Fri, 04 Oct 2002 23:33:56 -0700

Keith and I had a good argument about the Nickle type
declaration syntax today.  (I'm afraid I did some yelling
and screaming as I figured out how broken it all is: my
apologies.)  My conclusion: it's pretty much a disaster.

Recall that C uses "type by example".  This means that
a declaration looks like a use.  If I say
  int x[3][2];
I can then say
  x[2][1] = 4;
This syntax gets ugly when pointers and functions are
involved, and it's hard to build complicated declarations,
but it's easy to parse and users have a lot of experience
with it.

Java, on the other hand, permits a different syntax: the
language allows cast-like types entirely on the left
of the name.  For example
  int[][] x = new int[3][2];
declares an int array dereferencable via
  x[2][1] = 4;
Note that the array size descriptors in Java are
not part of the type (also true in Nickle).
Also note that the type passed to new is a bit confusing to
interpret: int[3][2] means an array of 3 arrays of 2
integers, and thus cannot be parenthesized in the sensible
fashion (int[3])[2].

My (sigh) idea for Nickle was borrowed from Java: have the
type name sit where the variable name would sit, and thus do
"type-by-example" with the type name a stand-alone entity.
This removes the C syntactic difference between casts and
type definitions, and generalizes the Java syntax.
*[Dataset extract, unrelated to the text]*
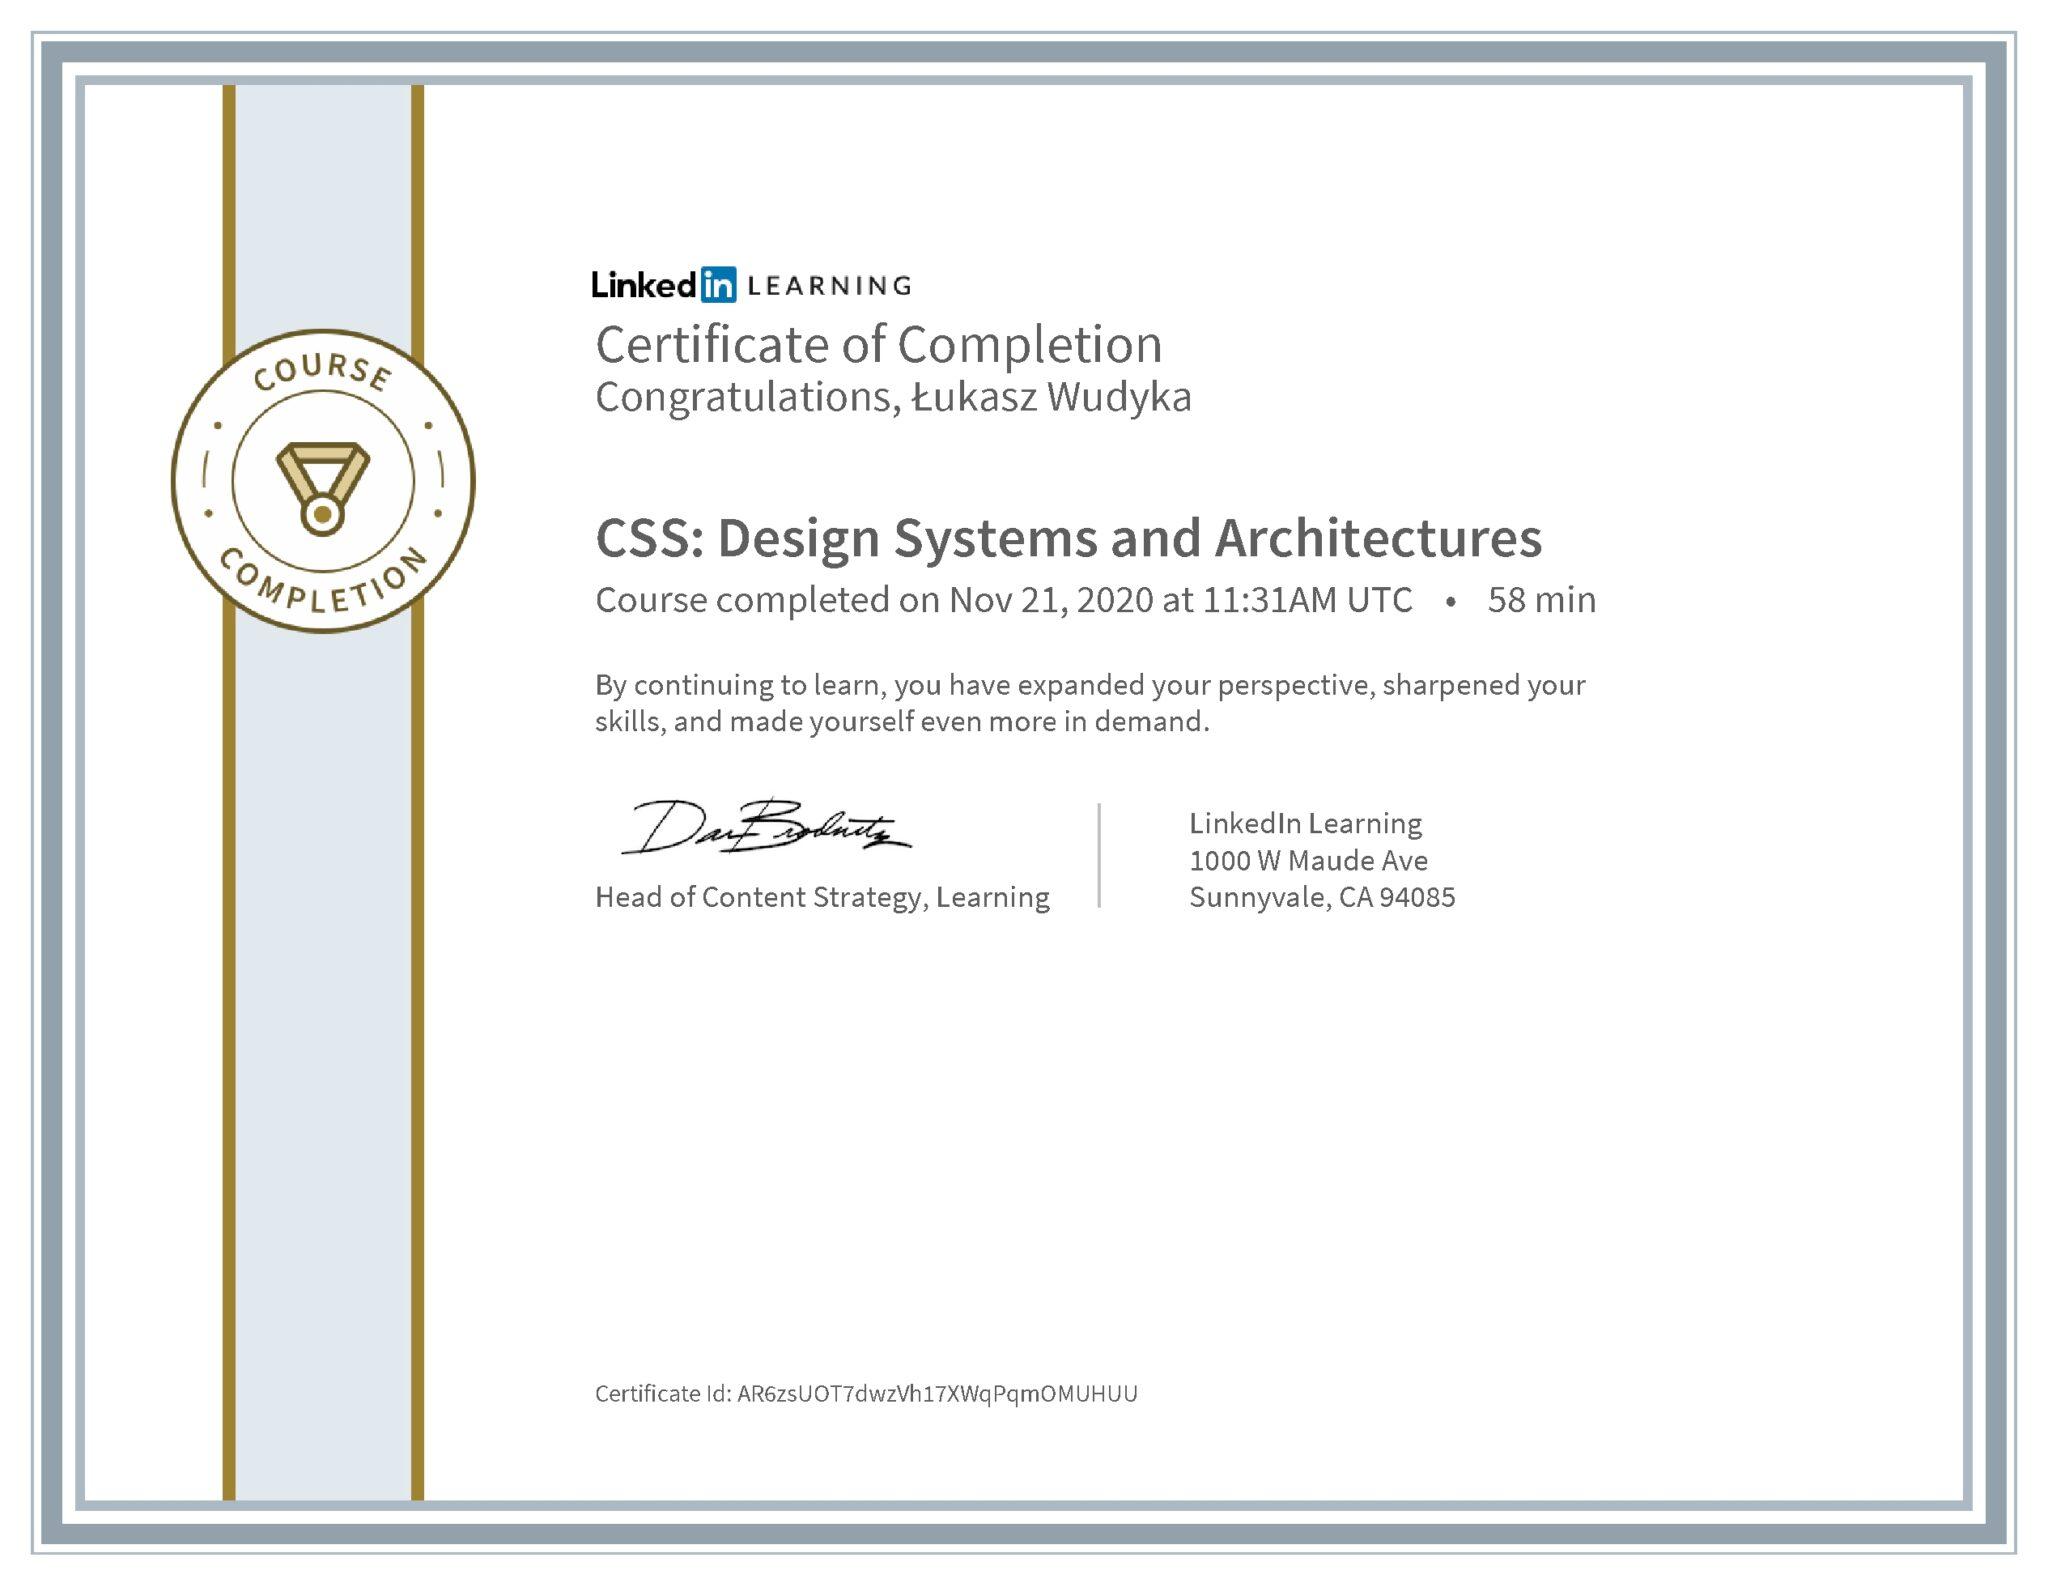 Łukasz Wudyka certyfikat LinkedIn CSS: Design Systems and Architectures

This is an attractive idea, but it has problems.  Consider
  int[3][2]  x;
As noted above with Java, this could mean
  array of 2 arrays of 3 integers
or
  array of 3 arrays of 2 integers
Nickle originally chose the latter meaning, which naturally
reflects the implicit parenthesization of the operators.
Java and common sense both dictate that this is really
confusing: under this meaning one cannot legally say
  x[2][1] = 4
because the indices are the other way around.

We "fixed" this problem in the obvious fashion: turn all the
subscripts around in the type definition.  Note that our
case is worse than Java's right off: we also have function
types. Is 
  int()[*] y;
a synonym for an array of pointers to functions returning
int, or for a function returning a pointer to an array of
ints?  When we turned the subscripts around, we treated
function and array subscripts symmetrically; thus y is
currently treated as a function returning an array of ints,
which is counterintuitive, to say the least.
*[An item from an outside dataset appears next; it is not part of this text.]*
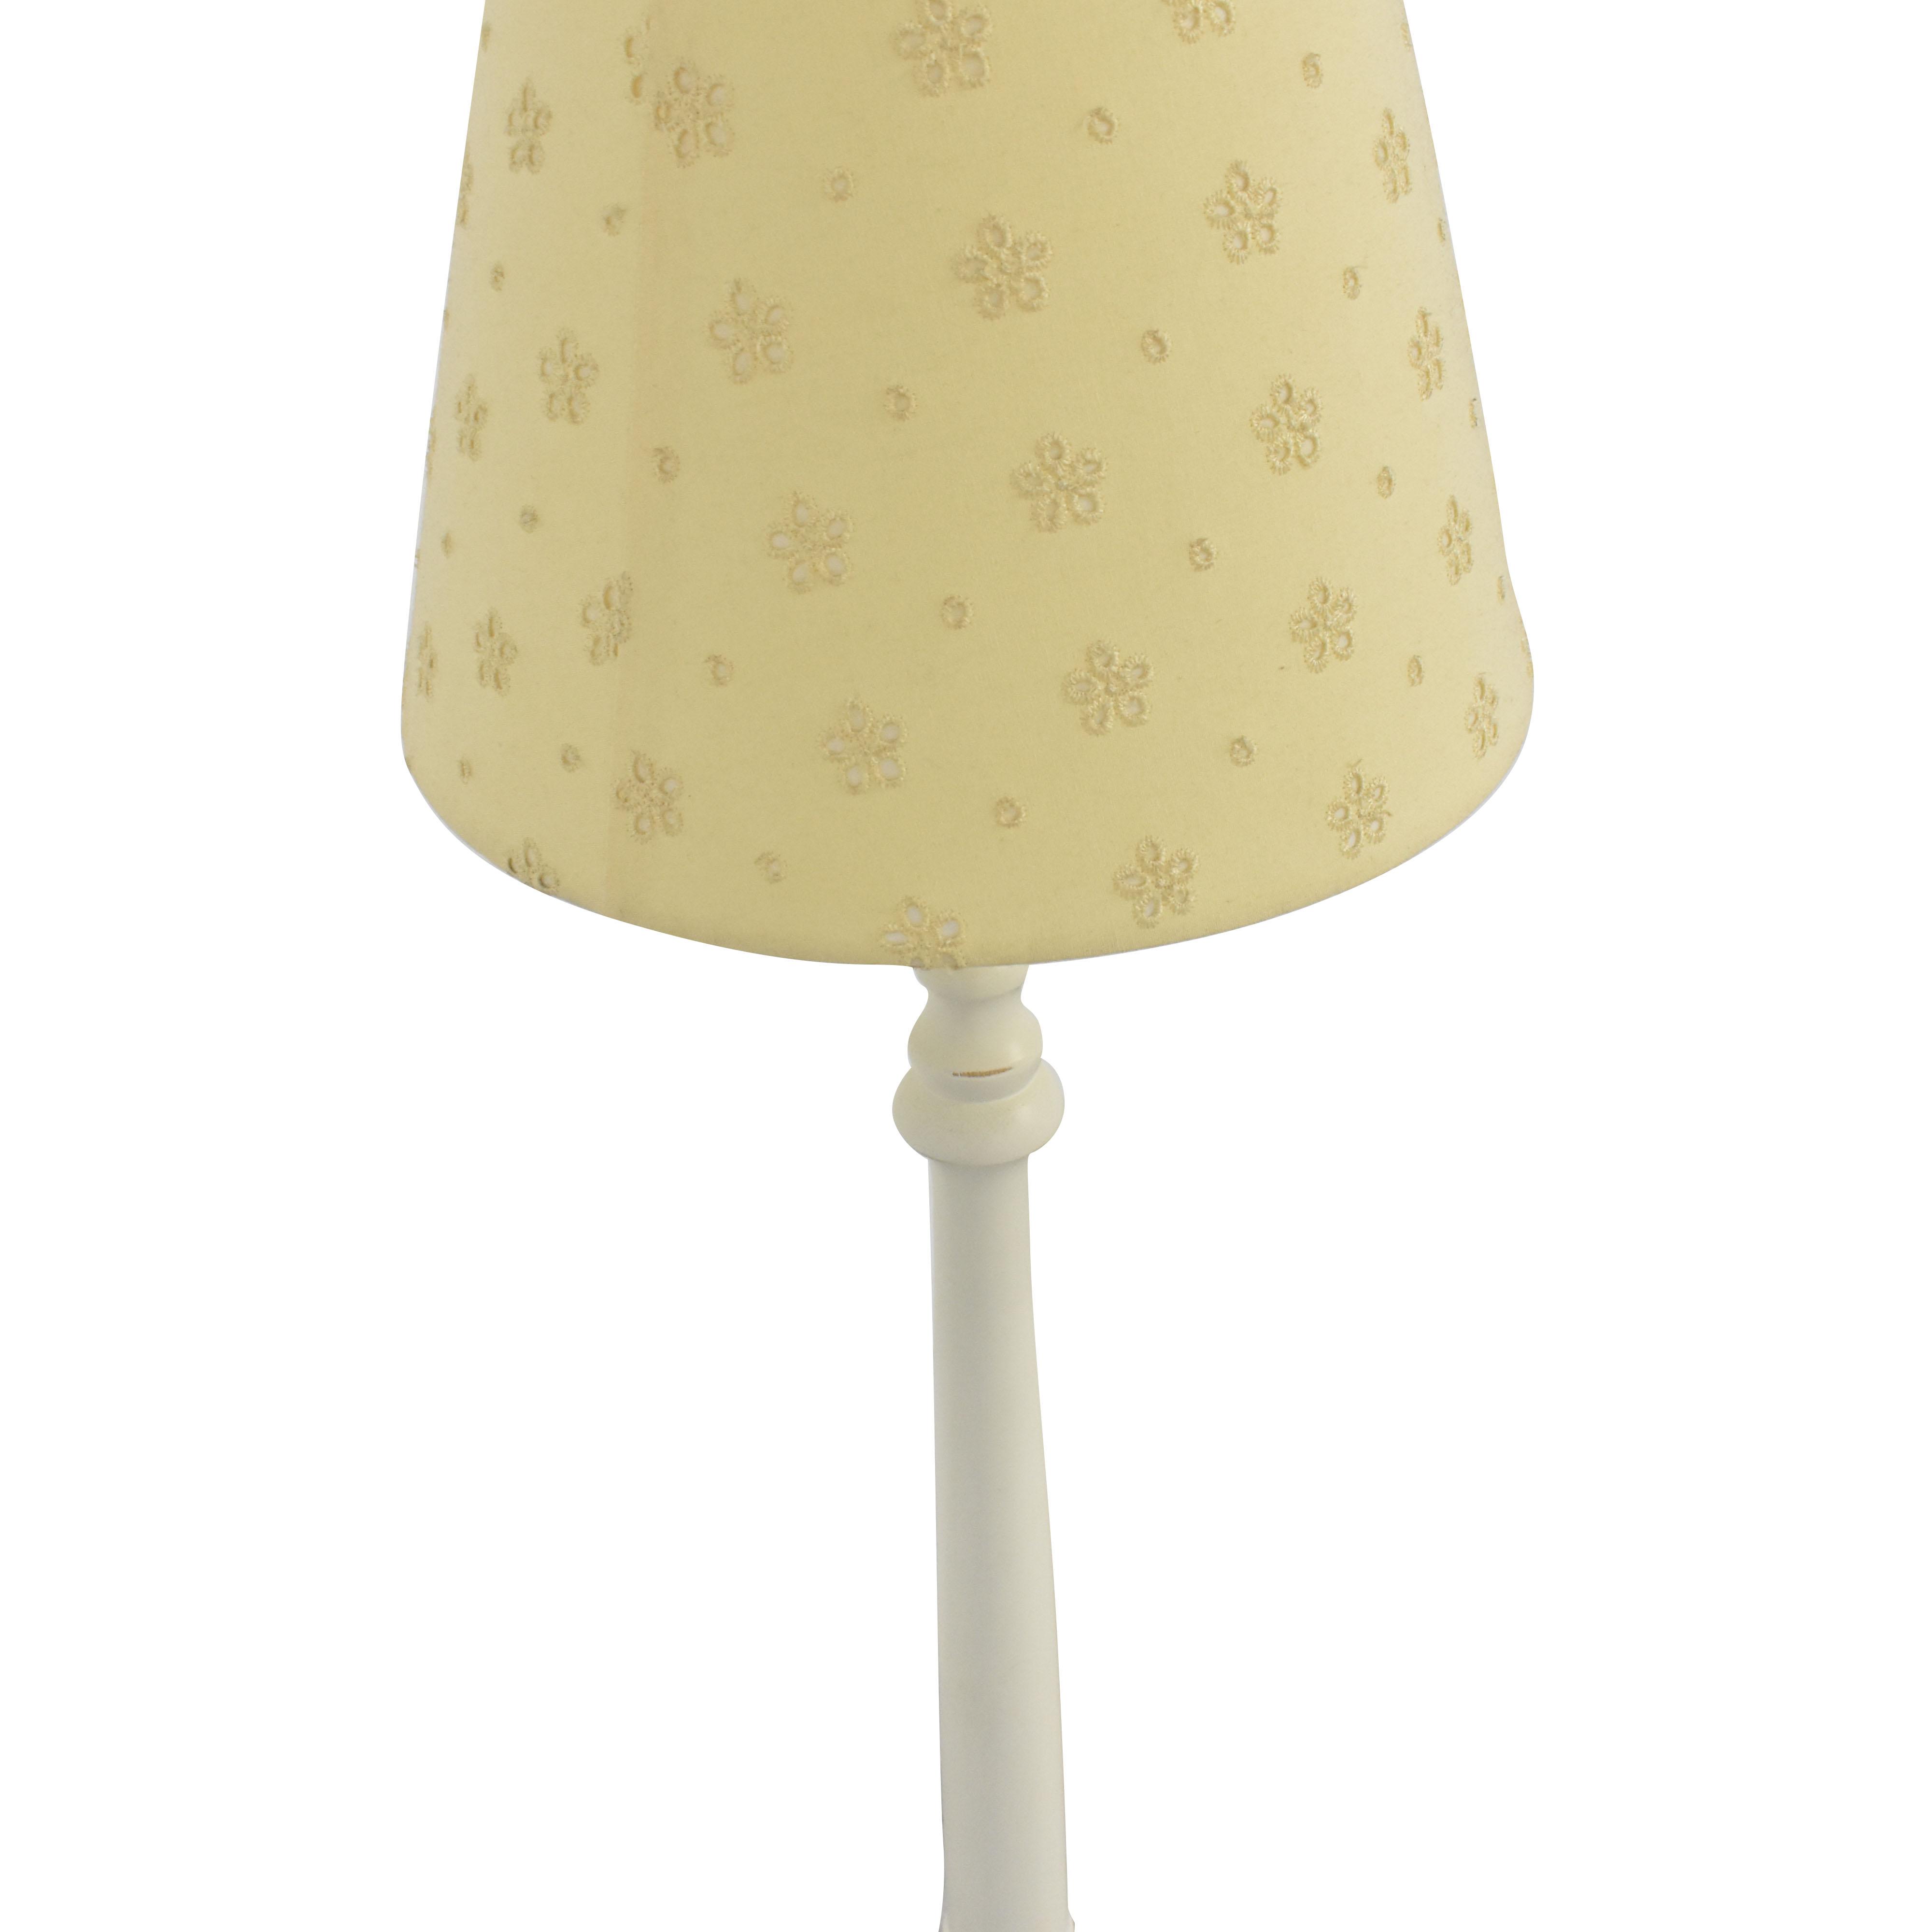 buy Pottery Barn Floor Lamp Pottery Barn Lamps

But wait. It gets worse, because we have pointers now.
Consider
  *int[3] z;
Is this an array of 3 pointers to integers, or a pointer to
an array of 3 integers?  C suggests the former: we had
chosen the latter, for similar reasons to some of our
choices above (as well as because the implementation of
the other way around is very hard).  In this implementation
we can no longer say
  *z[2] = 4;
because z is of the wrong type: we must say
  (*z)[2] = 4;

On the other hand, this interpretation respects
the parentheses in type definition: the above declaration
is the same as
  *(int[4]) z;
which is rather nice from an operator precedence point of
view.

I think a case can be made at this point for giving up
hackery and doing arrays of arrays and functions "wrong way
round".  In this scheme
  int[3][2] x;
is an array of 2 arrays of 3 integers, and can be indexed
like
  int[1][2]
Similarly,
  int[3]() y;
is a function returning an array of 3 ints, and
  *int[3] z;
is a pointer to an array of 3 ints (because [] binds more
tightly than *).  This is confusing for the user, and
incompatible with C: it is at least consistent and regular,
however.

Other alternatives include going back to C-style
type-by-example (perhaps with just the cast-based type
syntax), various kinds of precedence hackery, and perhaps
other things we haven't thought of.

Ideas and suggestions are gratefully appreciated at this
point.  Those that don't break large chunks of working
Nickle code are even better!

	Bart Massey
	bart@cs.pdx.edu